What are the cues that tell you your child is having natural, necessary growing pains vs. unhelpful stress?

Here's the long version:

We love using UP ideas with our 2 yo son, but I do get a little stuck trying to figure out what is a necessary "no" in relation to separation anxiety. He's been intensely clingy and attached to me for a couple weeks now, in contrast to his joyous independence and attachment to daddy in the few months previous. There are lots of possible contributors (molars? ec graduating? travel? grandma visiting? child-led reduction of night nursing? etc etc) and our management style is to keep giving him opportunities to float away from me, but never to force it, and I try to stay available to him no matter what. I'm exhausted, but that's nothing new and I can handle it.

More info: this is a kid who really appreciates when we stick to our word, even if it's a limitation or plan he doesn't like. He is more distressed by inconsistency than by restriction.

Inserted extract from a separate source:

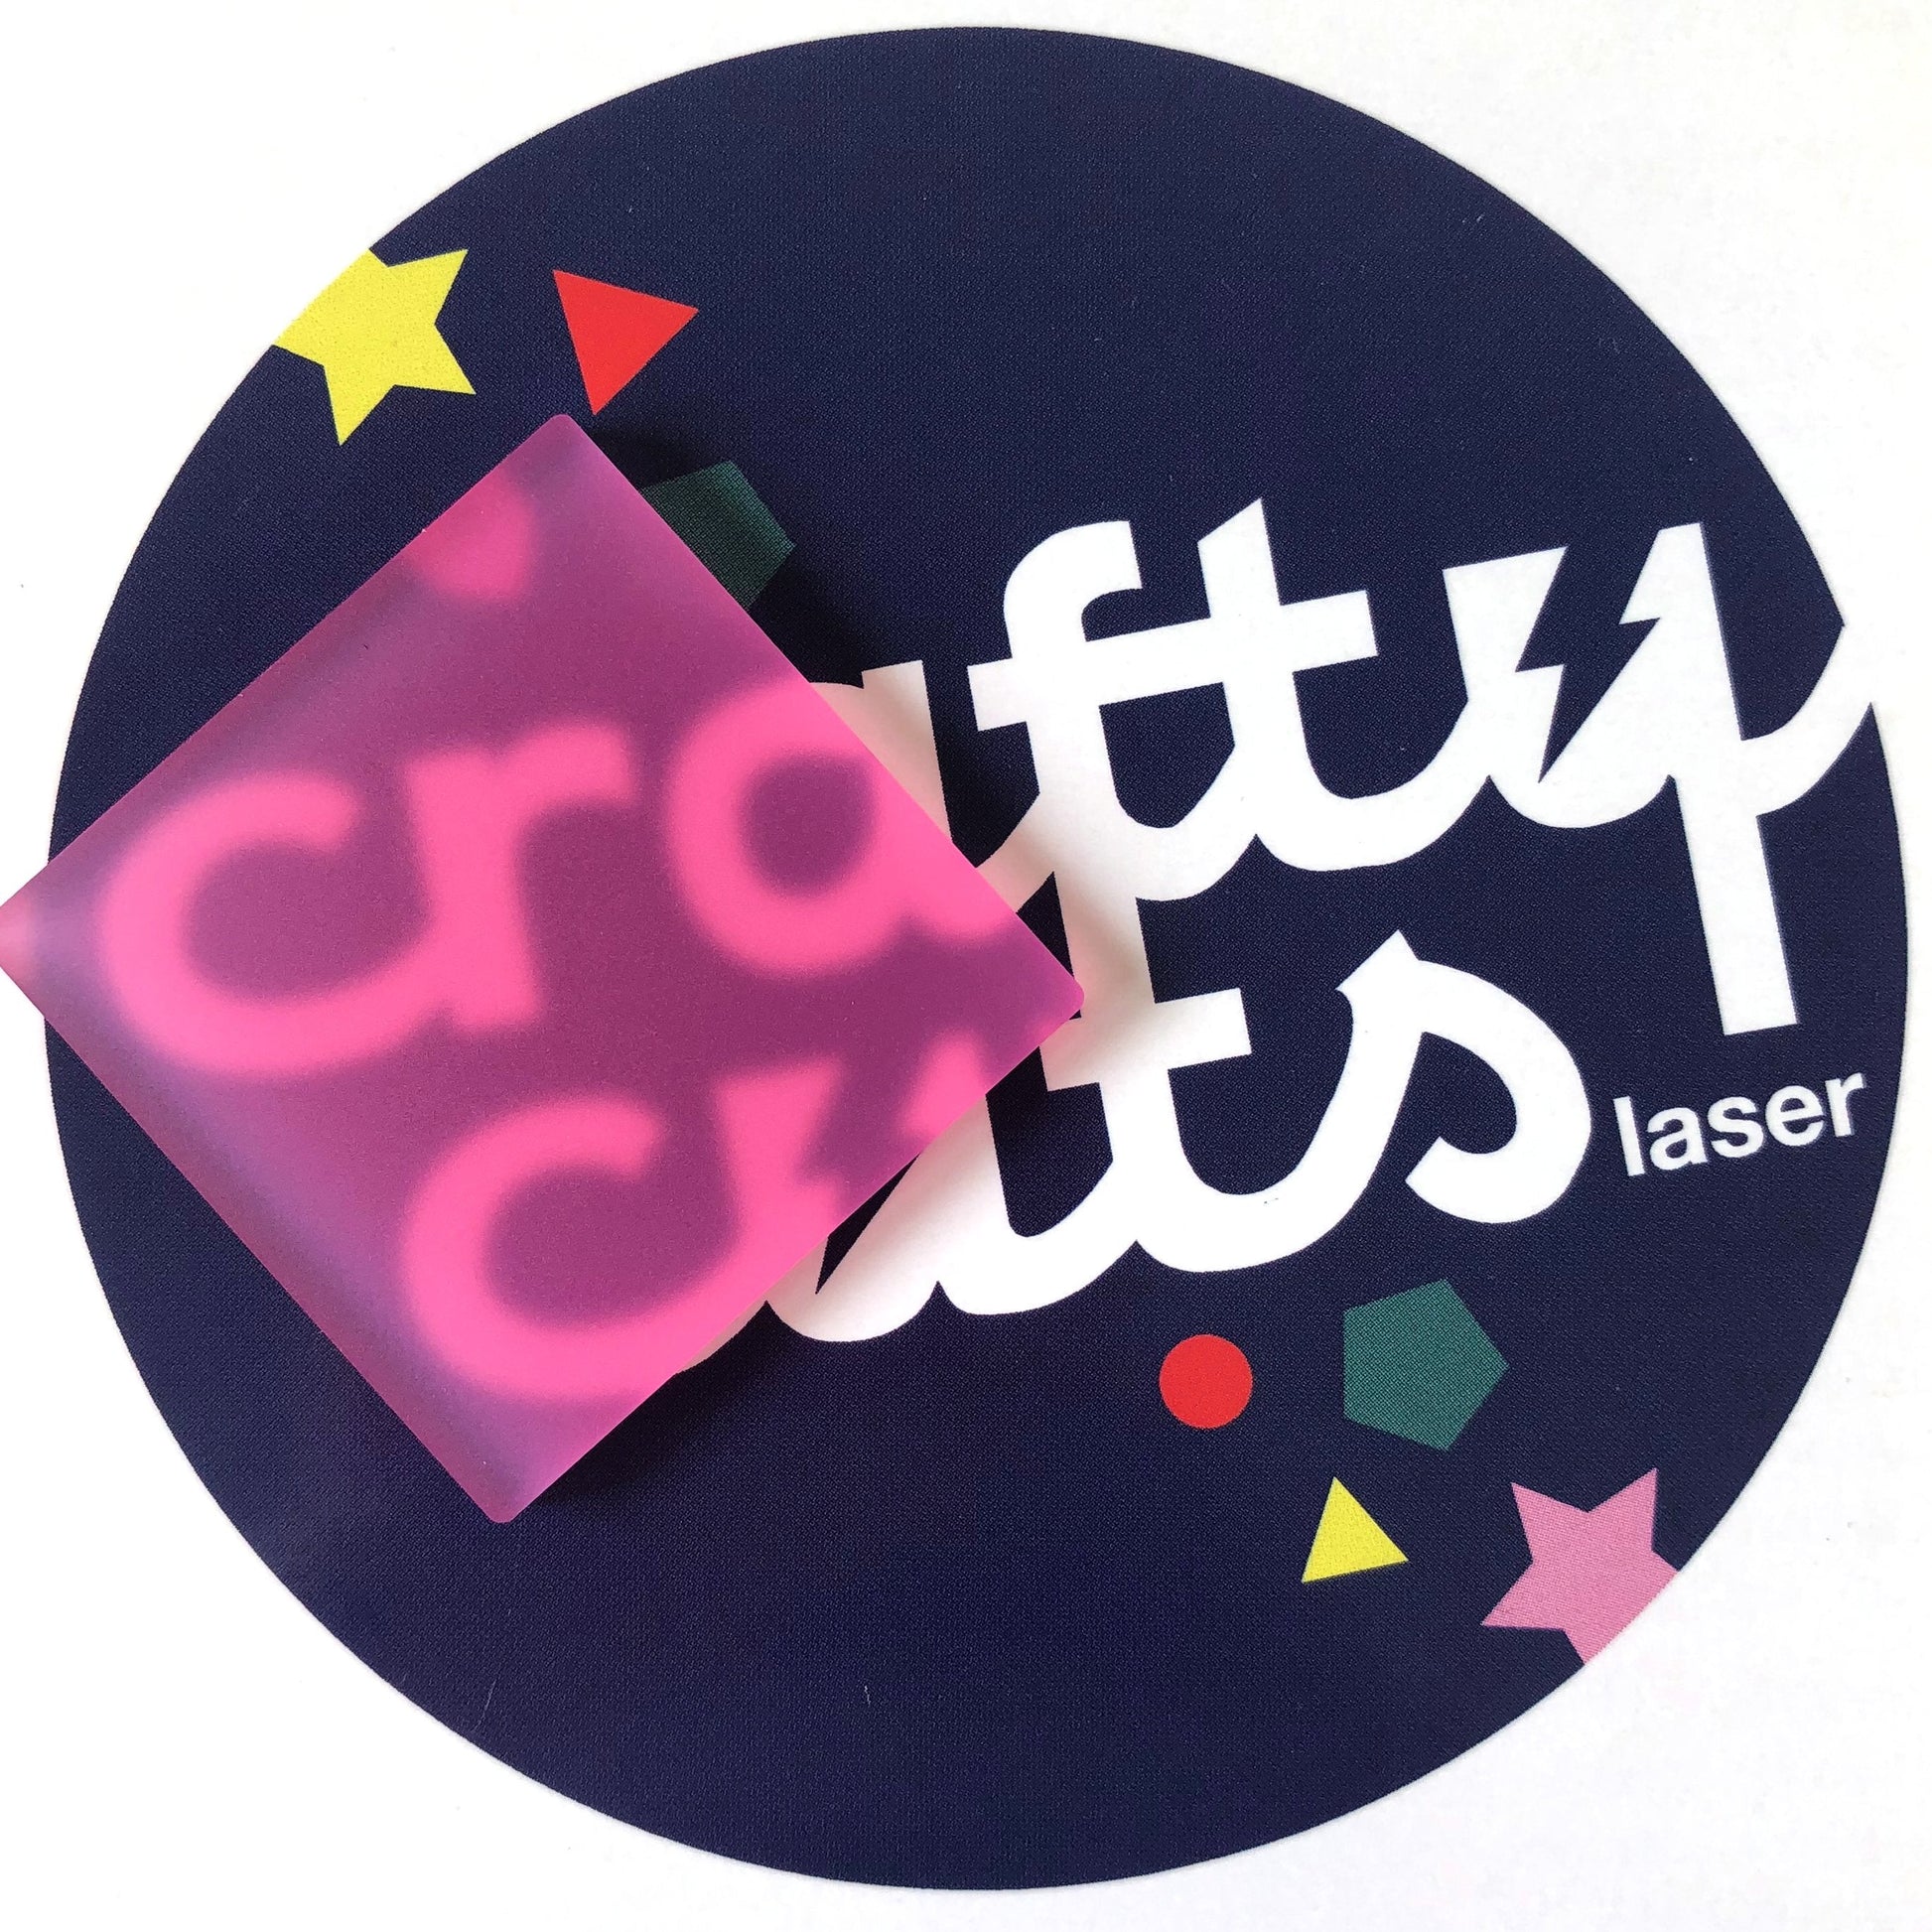 Crafty Cuts Laser Pty Ltd Materials Frosted Acrylic - *Pink Lemonade

My conflict arises from my desire to say yes whenever possible juxtaposed with his need for limits and his natural urges for growth. For example, when he wept this morning trying to separate from me so his dad could take him to his beloved preschool... We usually have a very smooth out-the-door transition, and he waltzes away without a backward glance. There were a few minor glitches in our pattern, and he clung to me, begging for more milkies, and clearly saying he wasn't ready to go. So I nursed him outside for a few minutes, and we tried again, with more firmness, daddy carrying him crying to see the icicles before getting in the car. They were back in minutes, so I took him to the bedroom for some serious one-to-one bonding with me only - no wind, no daddy, no distractions. Patience, nursing, patience. Then he seemed to be ready, asking to pee and wash hands, so I carried him to the car and daddy just got in the front since he was refusing daddy's arms. He buckled in ok, but then wept miserable tears again and clutched my hand. I cheerfully reminded him about the game he loves best at school, our pick-up routine at lunch, and said I was going to make more milk for him, and walked away, shrinking on the inside as I listened to his sobs.

In fact, he was cheerful again and then asleep within 5 minutes, and I've just heard that though he was sad at his drop-off, he again adjusted within minutes.

I am reassured by this, but still concerned. How do I know if this is just working out (for us adults!) because he's such an eternally flexible, resilient and good-hearted little monkey (but is actually creating a wound for him on his insides), or if it really does benefit him at this time to have this version of separation which includes discomfort but is resolvable?

I know I may be transferring issues of my own, since I had a childhood in which I felt I had to be brave and not bother adults with my distress. But that's just the point - I was so good at it, they never knew. So I have no model for this in my mind.

How do you know? What are the cues that tell you your child is having natural, necessary growing pains vs. unhelpful stress?

Thanks, so much, from this worried mama, so appreciating a morning (sort of) off!
post #2 of 3
I don't know how to answer the deeper questions in this thread, but I am a WOHM and my DH is a SAHD so I have to leave DD home every day (that was a lot of acronyms!) For at least the past 10 months, each and every morning departure has been sheer torture. I've tried a variety of leaving methods (including sneaking out -- not good!), but she always throws a fit, though DH tells me she's fine in a few moments. And when I come home at night, she's cool. Happy to see me, but not frantically all over me.

And then miraculously and suddenly, the last few mornings have been no big deal! Just a hug and a "bye, mommy." I don't know that it will last, but I'm hoping it was a phase she went through that's now done.

Each day that you reappear, your DS is learning that you WILL come back, and that you are a permanent part of his life.

Just thought to add: My mother never went anywhere w/o me until I was around 5. I remember standing at the window crying and screaming as she left me and my brother with our father while she went to the grocery store. I think it's definitely better to work through these issues at a younger age.
post #3 of 3
Each time you part, and he is upset, but recovers, you are giving him a chance to learn resiliency.